Катерина понимала, что больше никогда не увидит его. Словно во сне наблюдала, как он сносит в парадное сонных детей, как осторожно кутает их в шубки и шерстяные платки, надевает на их непослушные ножки валенки, как бережно сажает их в сани. Она несколько раз перецеловала и перекрестила их, сонных, сладко пахнущих своими теплыми постелями.
Николай подбежал, еще раз крепко прижался к ней губами, внимательно посмотрел в глаза:
– Ты точно решила?
– Да.
– Я вернусь за тобой.
И с этими словами он запрыгнул в сани, щелкнул вожжами – и лошадь резво побежала со двора, навсегда унося за собой дорогих Катерине людей.
Катерина растерянно стояла на заснеженной дороге. На востоке всходило огромное кроваво-багряное солнце, как спрут, подбираясь своими палящими лучами все ближе к опустевшей усадьбе, стучась в каждое окно, словно говоря: «Вот оно я, от меня не спрятаться, не убежать, не укрыться! Теперь все – мое!»

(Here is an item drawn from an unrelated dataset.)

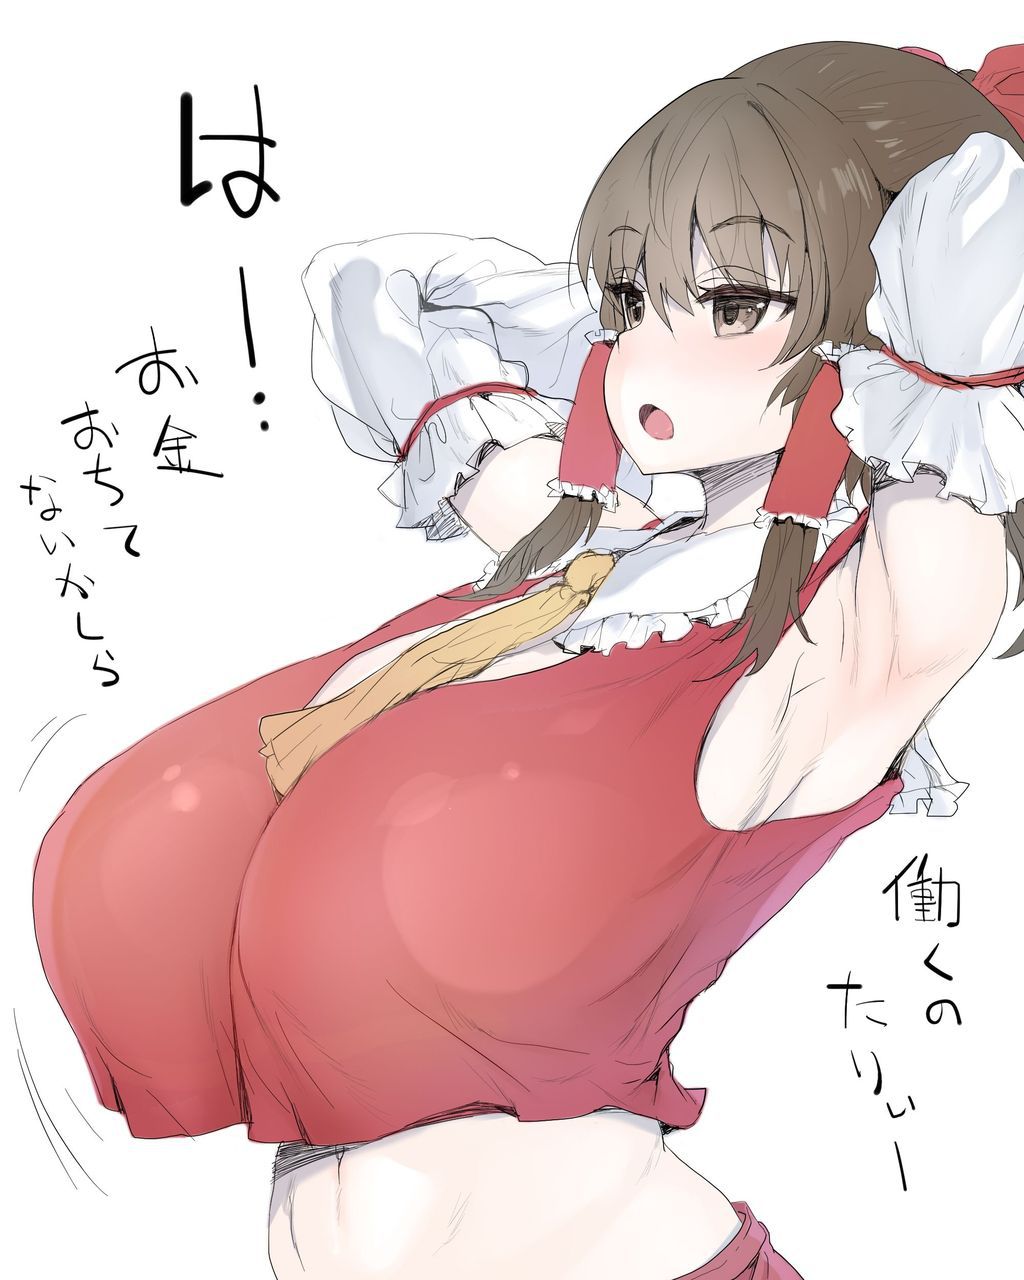 【Shrine Maiden】Please image of a girl in neat shrine maiden clothes Part 18 20

В это время на спиртзаводе была давка. Крестьяне в суматохе в исступлении толкали друг друга, каждый норовил зачерпнуть спирт из бака и выпить как можно больше. Вскоре выяснилось, что спирта очень много, и новоявленные большевики выливали его из цистерн прямо на землю и жадно лакали, мокрые, стоя на коленях, как животные. Один мужик стащил с себя рубаху, мочил в спирту и выкручивал ее себе в рот: «Ох, Боженька ножками внутрях прошел!»